Le calcul du coefficient de fréquentation touristique repose sur 4 paramètres :
- La population INSEE sans double compte.
- A : le nombre de chambres en hôtellerie classées et non classées.
- B : le nombre d’emplacements en terrain de camping.
- C : le nombre de résidences secondaires et logements occasionnels.
Ce coefficient est calculé comme suit, directement à partir des données publiées par l’INSEE à la date de la première demande :
Indication d’Activité Touristique (IAT) = [(A x 2 lits) + (B x 3 lits) + (C x 5 lits)] / population INSEE sans double compte
Nombre maximal de dispositifs = nombre maximal fixé à l’article 17.1 selon le type de dispositifs x (1 + IAT) »
Pour le cas d’un GROUPEMENT, le nombre maximal de dispositifs est calculé en prenant en compte le nombre maximal applicable à chaque commune du Territoire du GROUPEMENT.

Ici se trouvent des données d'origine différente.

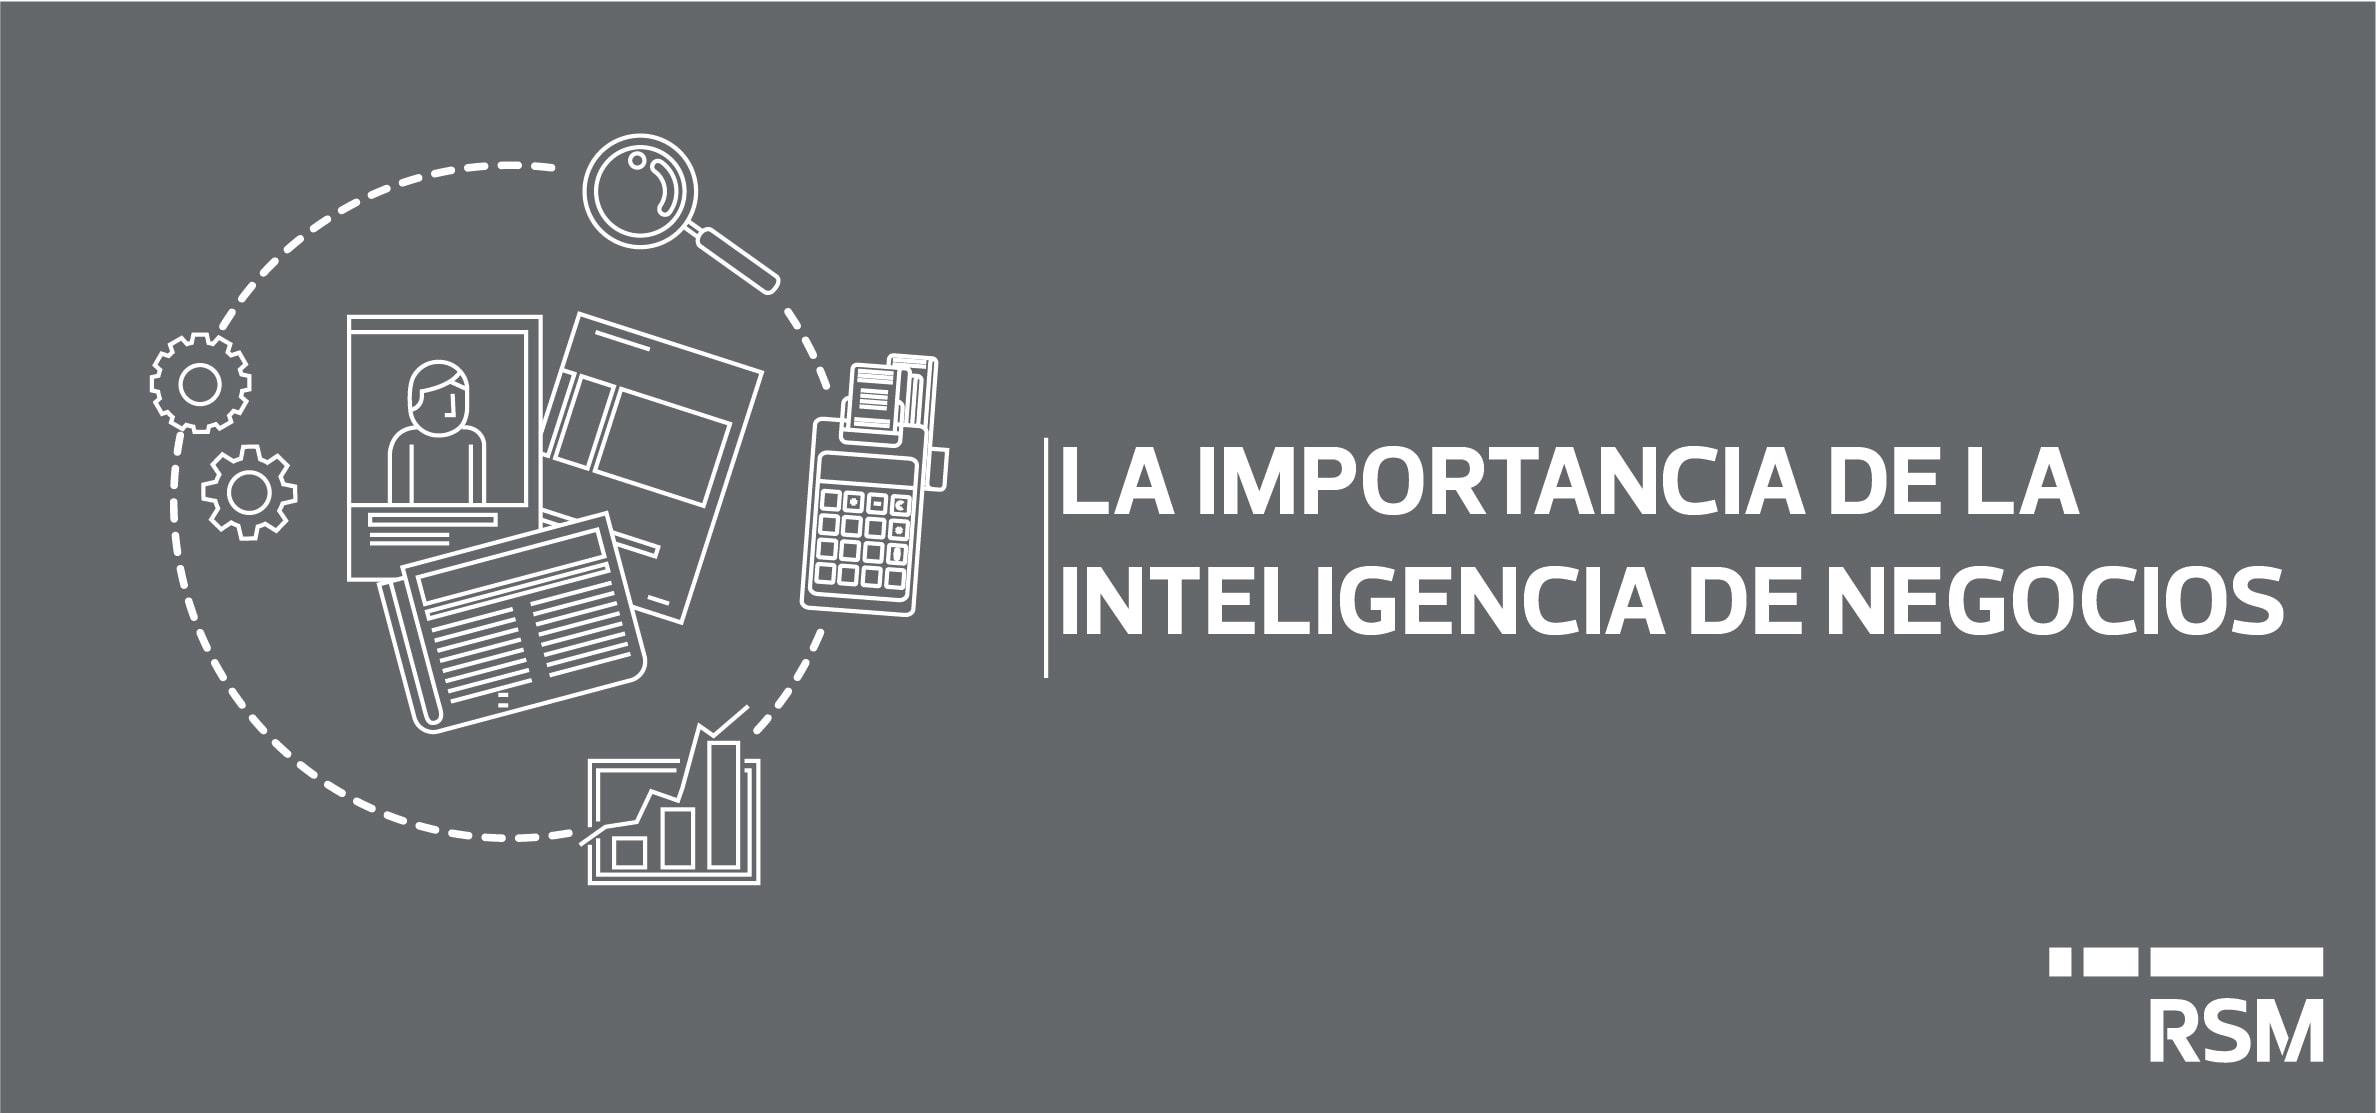 public://media/Lineas_negocio/consultoria/Insights/IMG/miniaturas_pagina_web_blogs-10.jpg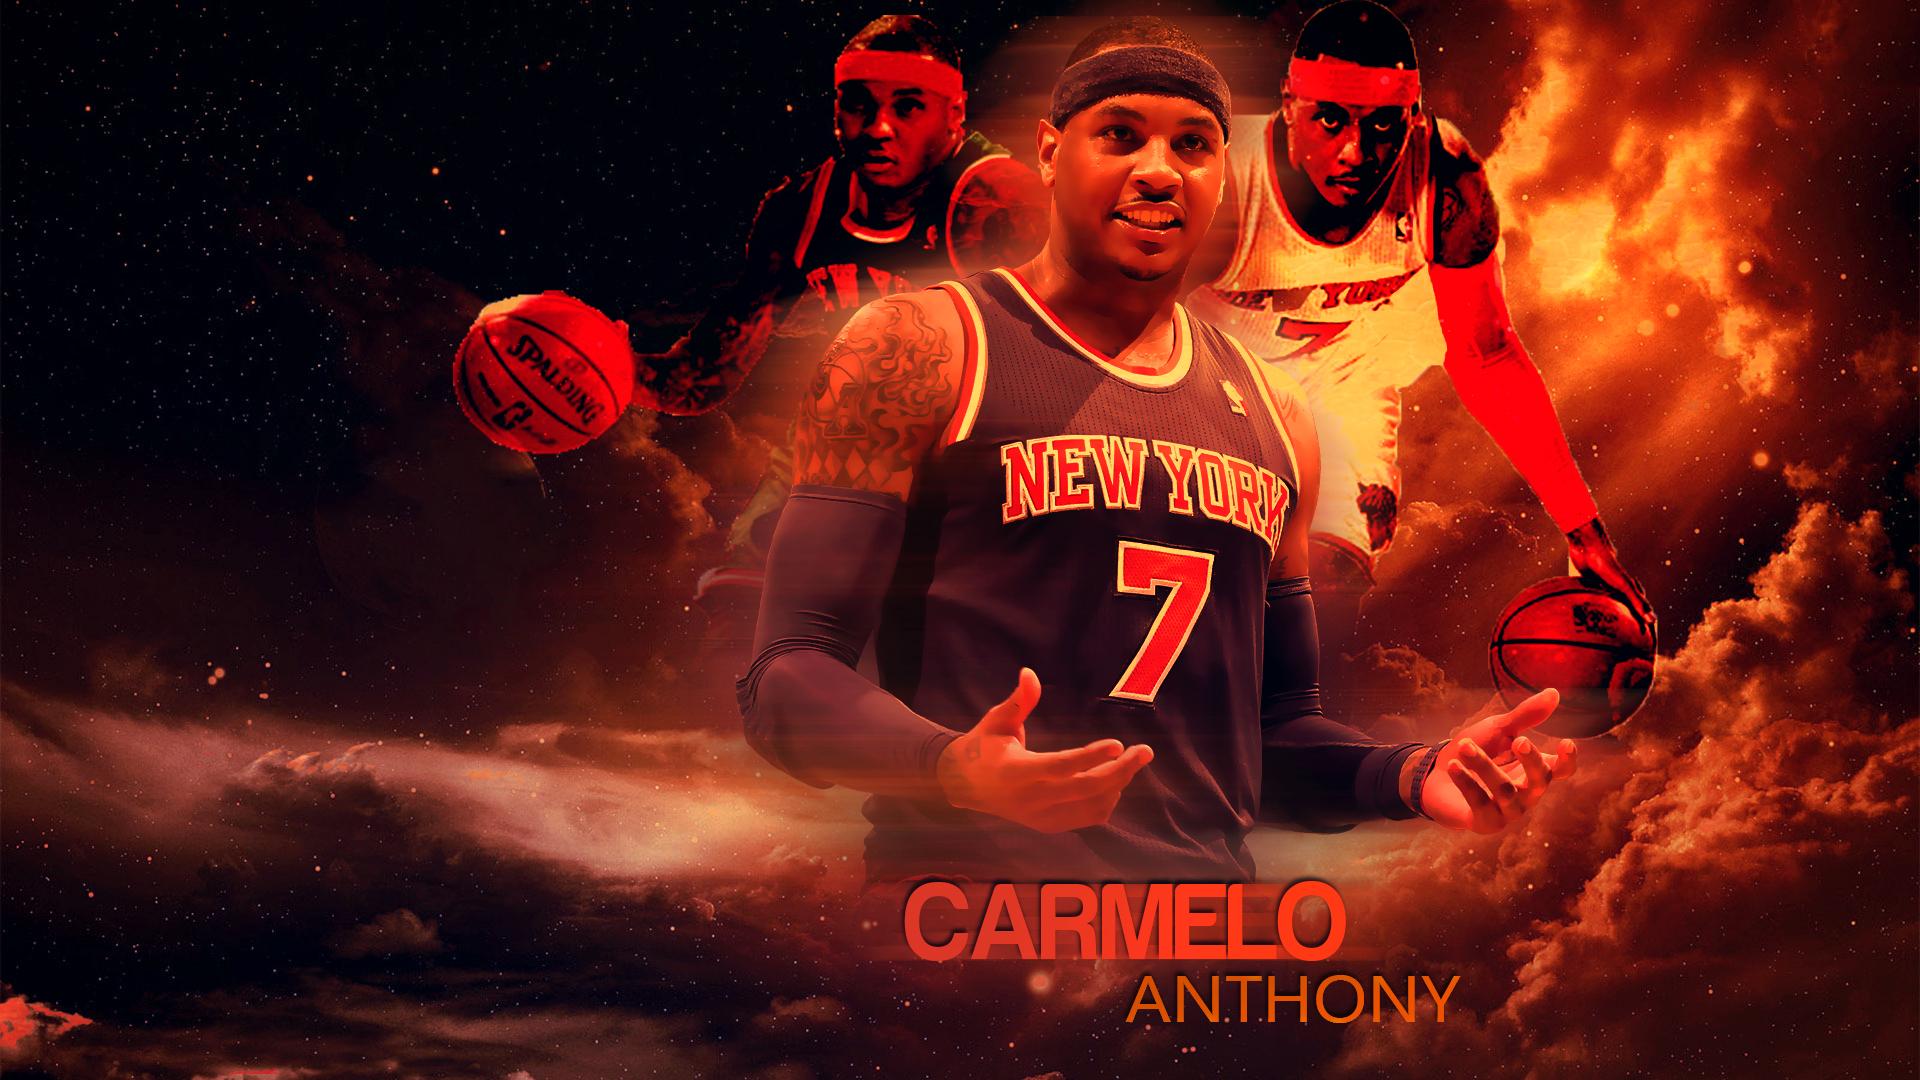 Carmelo anthony 2014 wallpaper by rakagfx on deviantart carmelo anthony 2014 wallpaper by rakagfx carmelo anthony 2014 wallpaper by rakagfx voltagebd Images

17.3.- Les dispositifs de rue de l’article 17.1 constituent l’un trois dispositifs de collecte des Mégots, avec le dispositif de l’article 15. (2ème dispositif) et les cendriers individuels que doit distribuer ALCOME en application de l’article 4.2 de l’annexe à l’Arrêté (3ème dispositif).
17.4.- La localisation du dispositif de l’article 17.2 est convenue entre les parties, en cohérence avec le recensement des Hotspots exigé à l’article 15.3, en tenant compte et en cohérence avec les autres dispositifs de collecte mentionnés à l’article 17.3. La localisation des dispositifs de rue ne peut être convenue avec ALCOME avant que la COMMUNE ou le GROUPEMENT ait exécuté ses obligations de l’article 15.2 et de l’article 15.3.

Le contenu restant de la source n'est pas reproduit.